Bild: Fröhlich vereint im Kulturkampf gegen den gesellschaftlichen Fortschritt
Georg Pazderski hält die AfD schon für die neue Arbeiterpartei. Am Tag nach
der Wahl zum Berliner Abgeordnetenhaus zählt der Spitzenkandidat der
Rechtspopulisten auf: 18 Prozent der Arbeiter haben für die SPD gestimmt,
16 Prozent für die Linke, 27 Prozent „für uns“: „Offensichtlich sprechen
wir die Sprache der Arbeiter“, freut sich der ehemalige Bundeswehroffizier.
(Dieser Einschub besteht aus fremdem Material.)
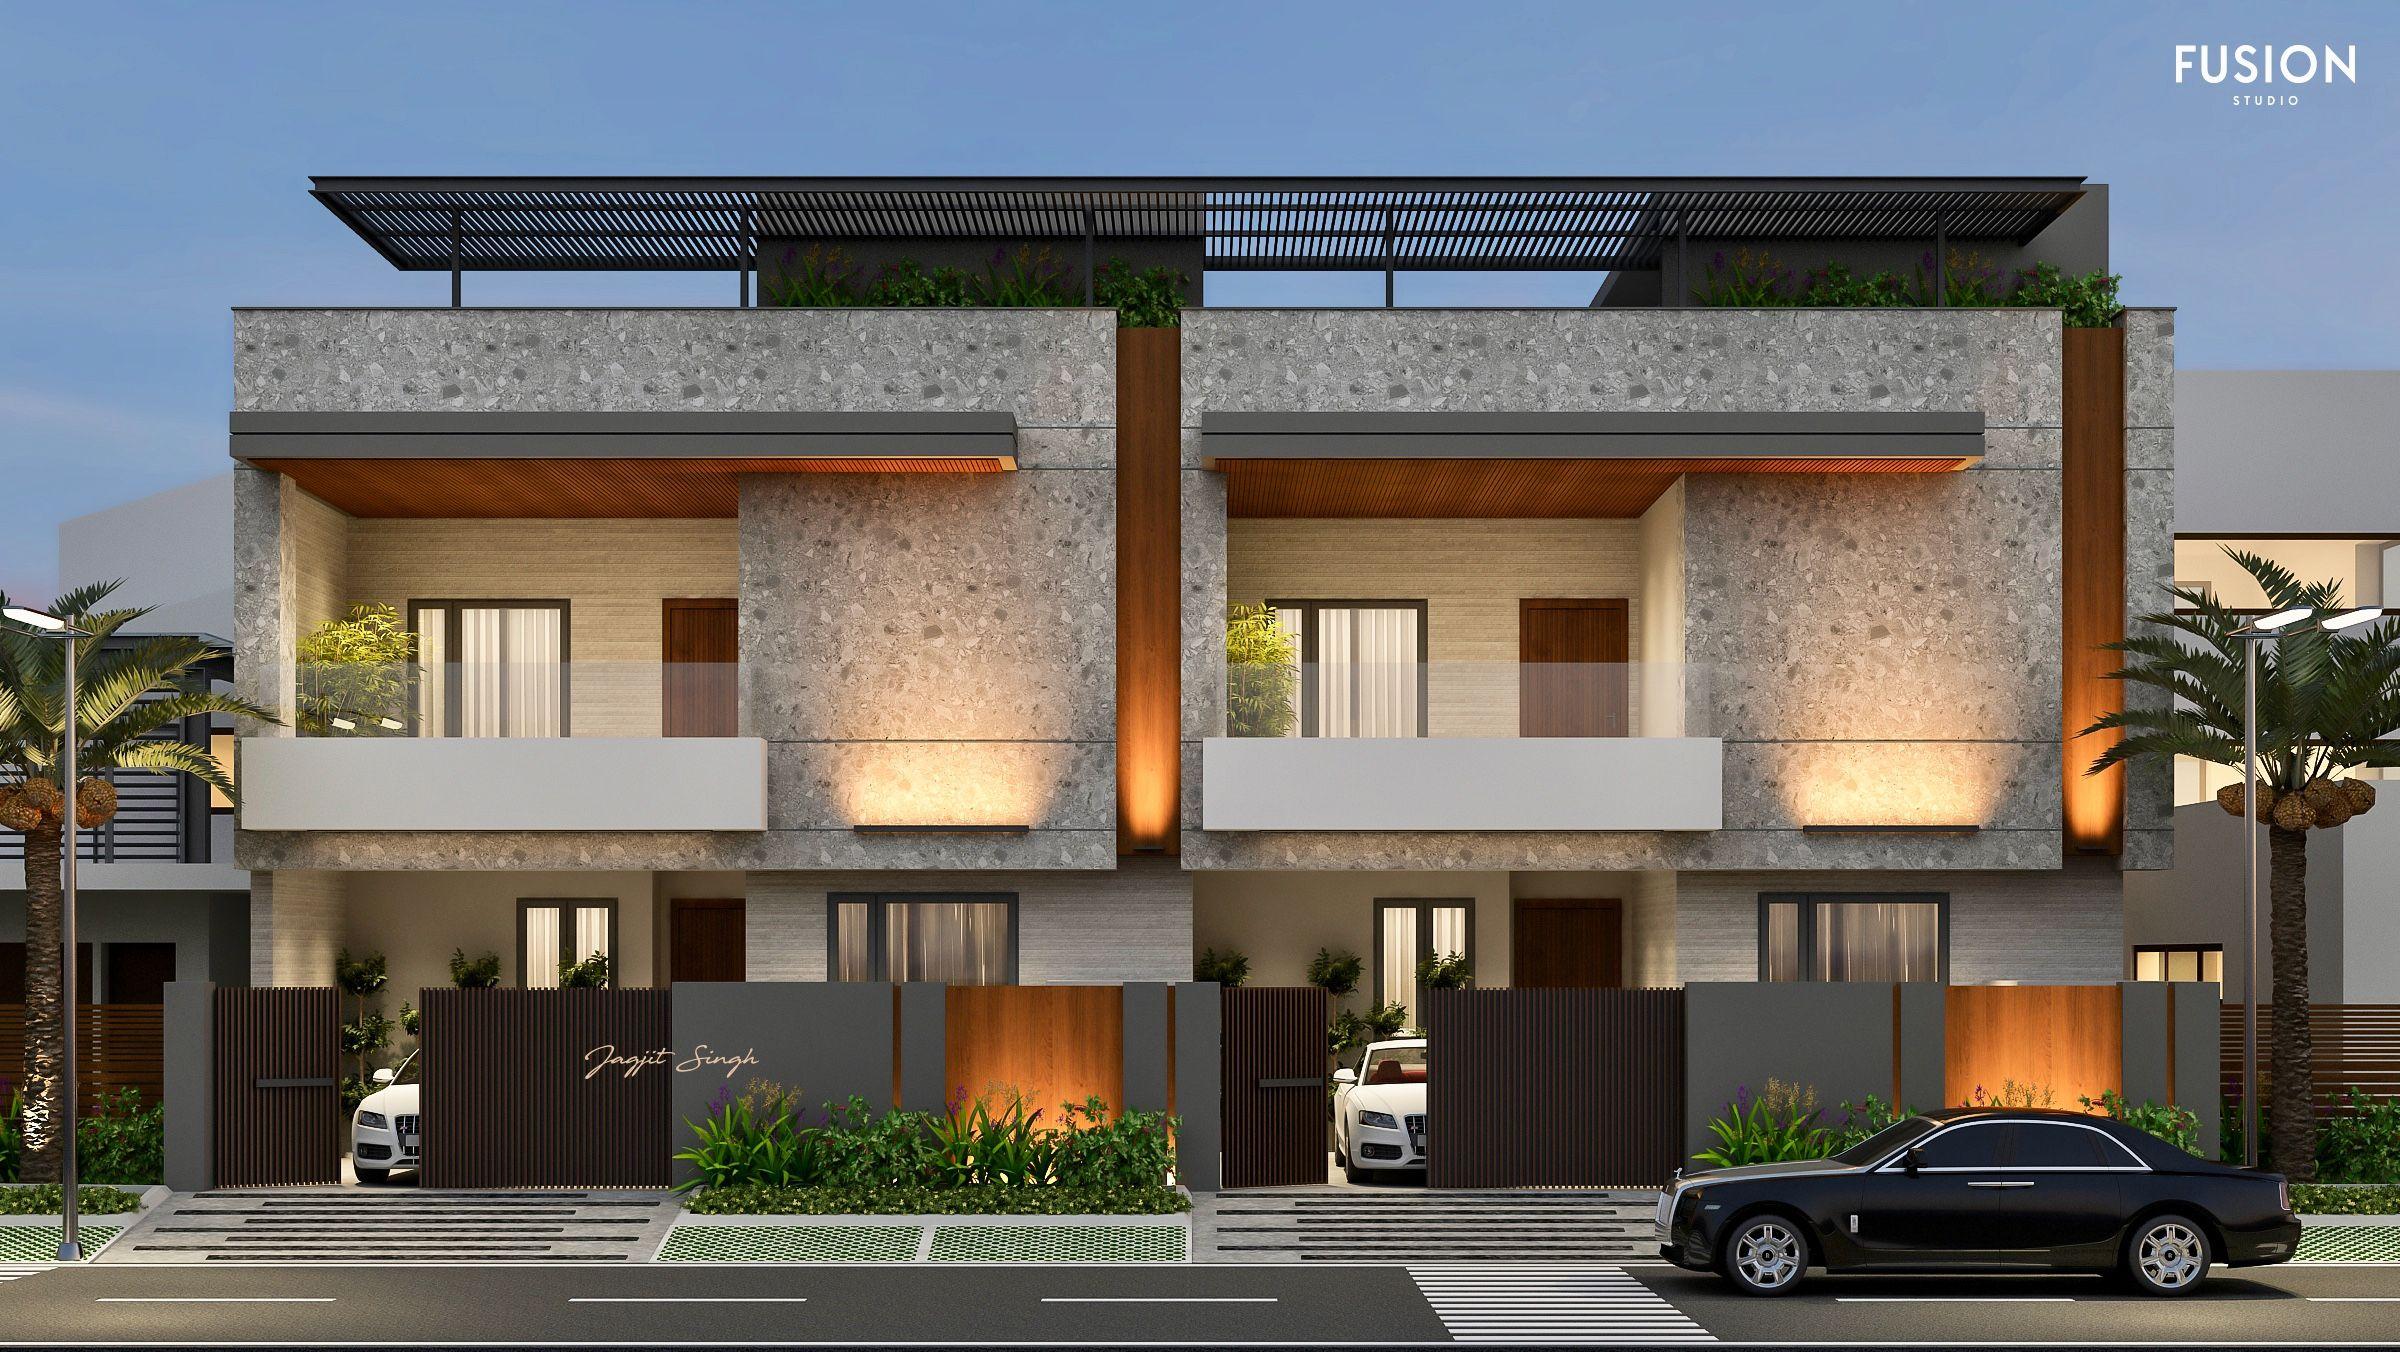 Jagjit Singh On Behance Row House Design Architectural House Plans Best Modern House Design

Pazderski ist nicht der Einzige, der die These von der neuen Arbeiterpartei
vertritt, auch unter den Kritikern der Rechtspopulisten wird sie immer
häufiger formuliert. Gewöhnlich geht die Gleichung so: Arbeiter und
Arbeitslose wählen die Rechtspopulisten, weil sie sich sozial abgehängt
fühlen, um die Zukunft sorgen und von den anderen Parteien keinerlei
Unterstützung mehr erwarten. Ob sie dies aus Überzeugung tun oder weil sie
den anderen Parteien einen Denkzettel verpassen wollen, [1][wie der Kollege
Martin Reeh an dieser Stelle jüngst argumentierte], ist dabei zweitrangig.
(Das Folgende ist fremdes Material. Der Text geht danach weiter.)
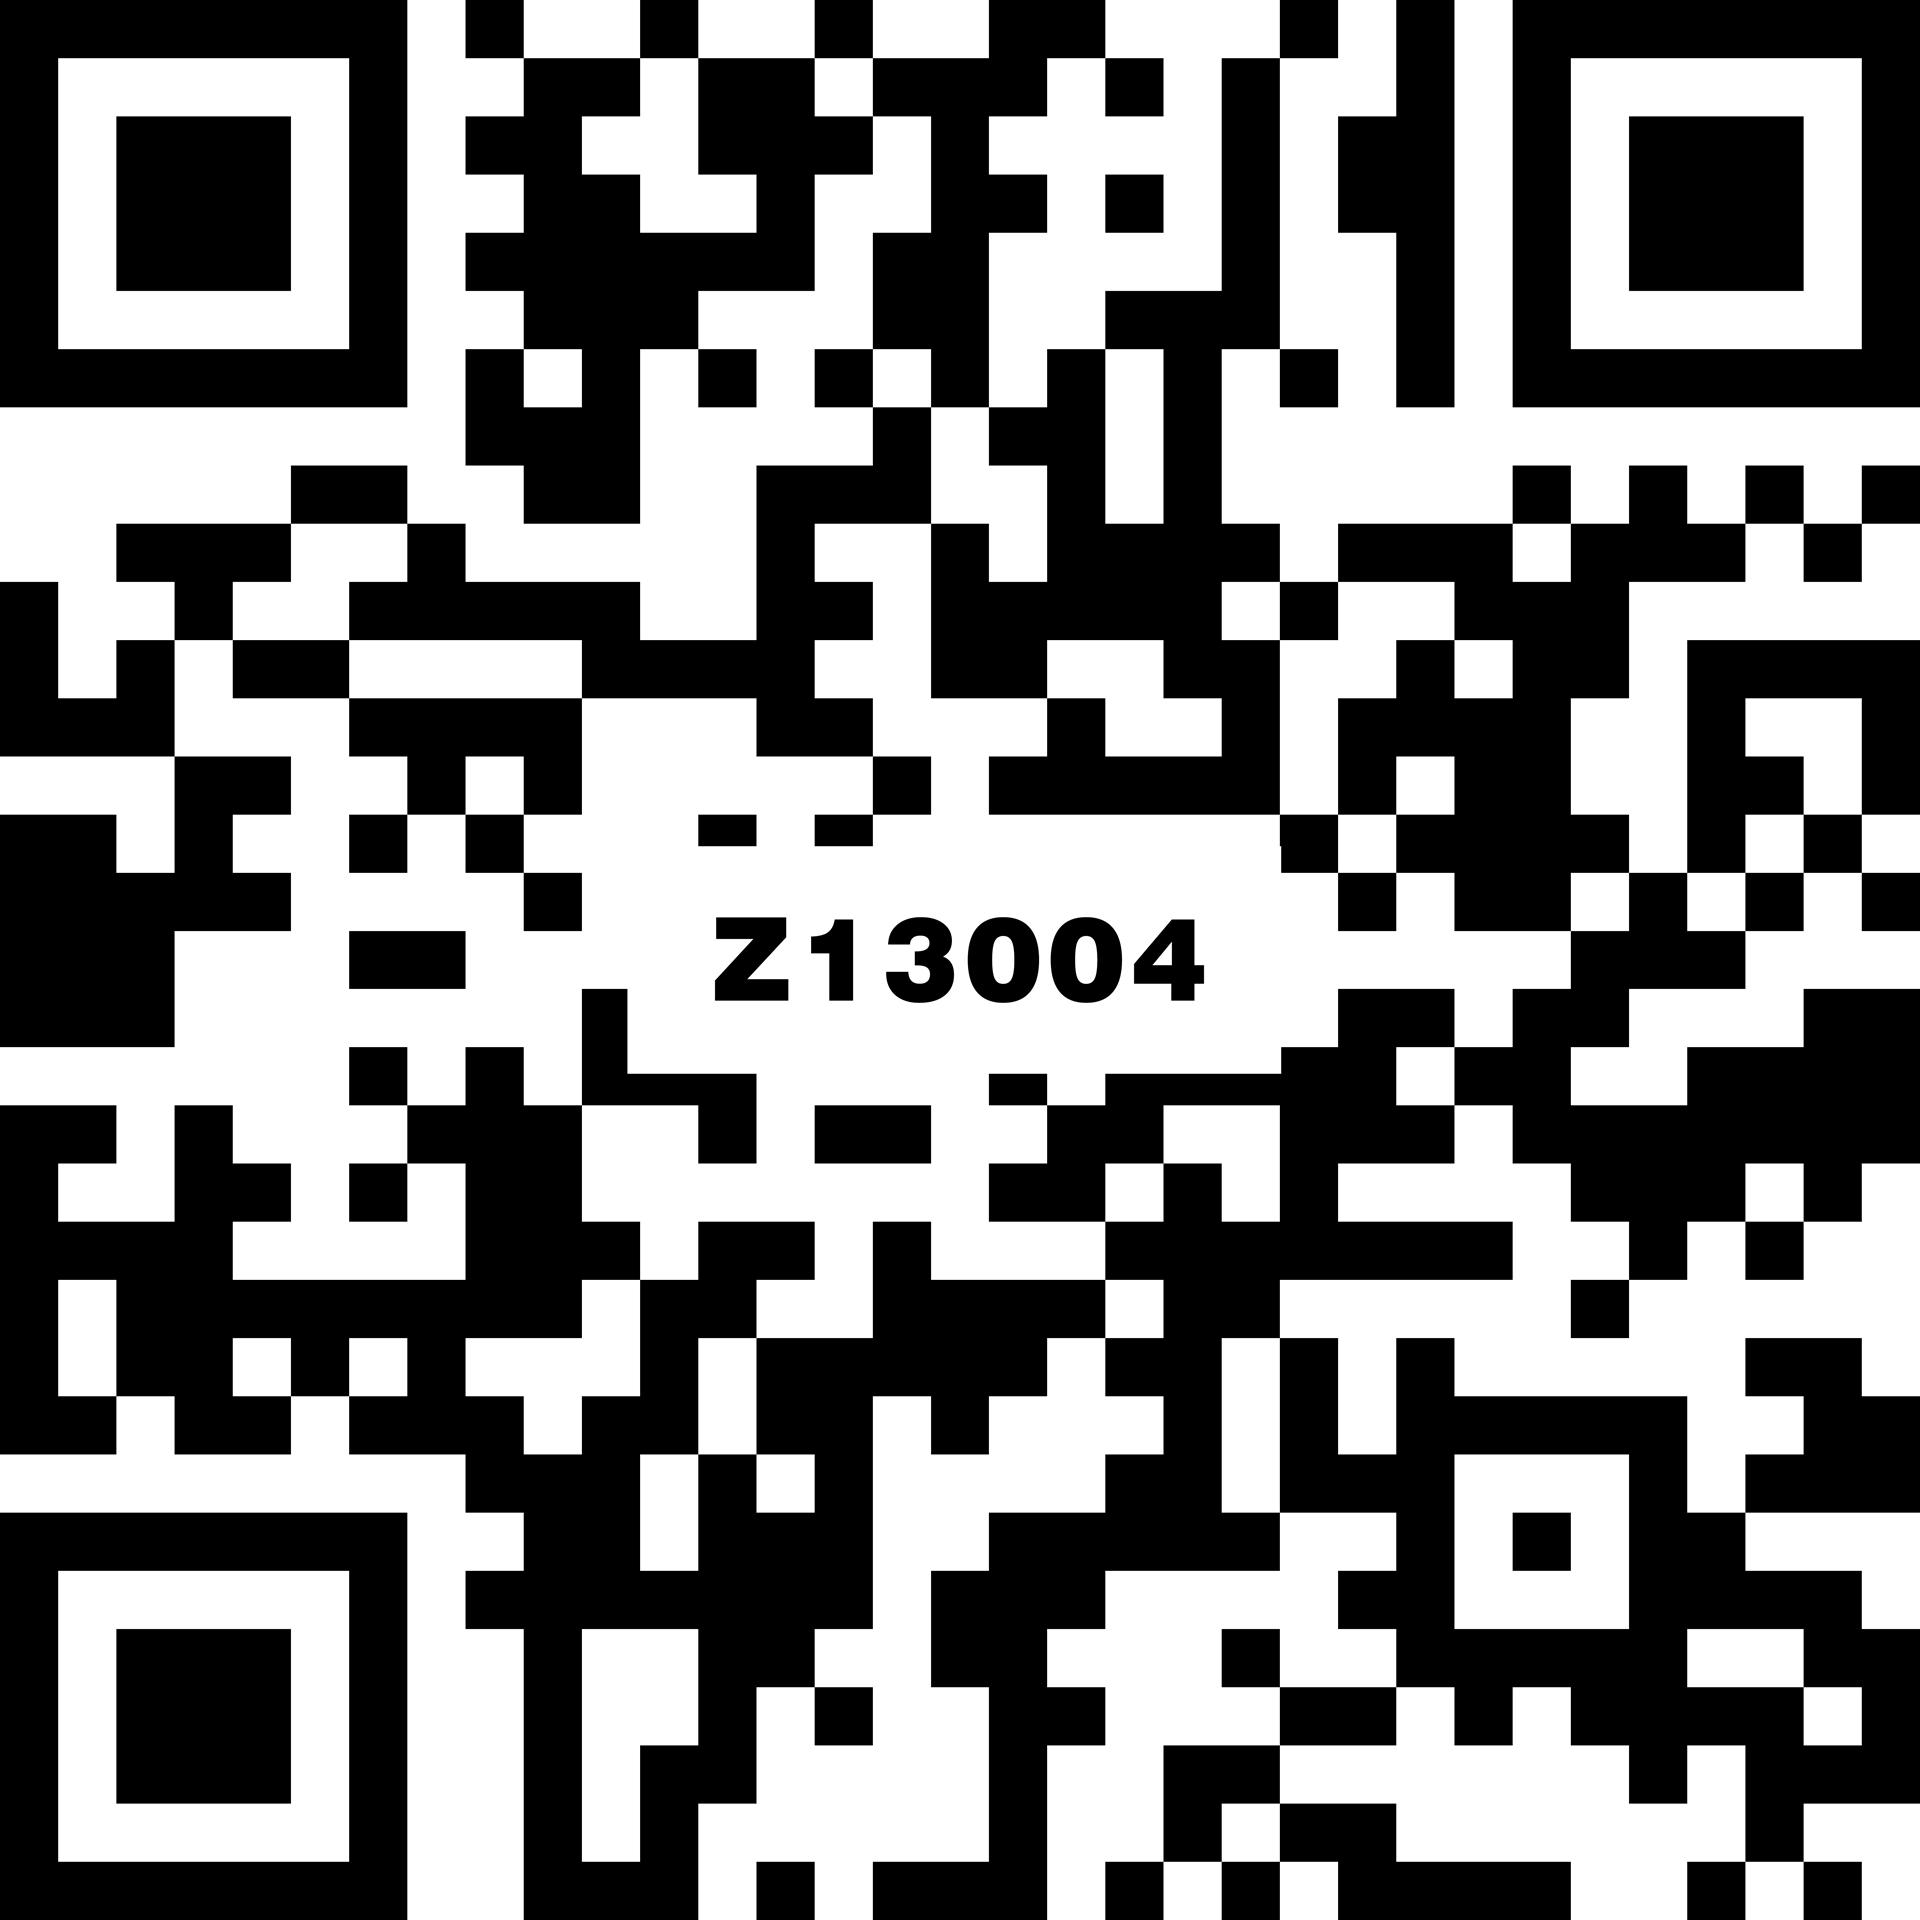 Z13004

Folgt man dieser Argumentation, liegt die Lösung auf dem Tisch: Mit höheren
Sozialausgaben und mehr Rente lässt sich der AfD das Wasser abgraben. Es
kann gut sein, dass im Bundestagswahlkampf ein Teil der Parteien diesen Weg
gehen wird. Ausreichen wird es nicht.
Denn die Lage ist komplizierter: Bei der AfD geht es nicht um Klassenkampf.
Entscheidend für den hohen Zuspruch bei den WählerInnen ist der
Kulturkampf, den die AfD führt.
Zwar stimmt: Seitdem der Wirtschaftsprofessor Bernd Lucke die Partei
verlassen hat, nimmt der Anteil unter den Arbeitern und Arbeitslosen zu,
die für die Rechtspopulisten stimmen. Auch ist die AfD in Gegenden mit
hoher Arbeitslosigkeit und geringer Wirtschaftskraft besonders erfolgreich.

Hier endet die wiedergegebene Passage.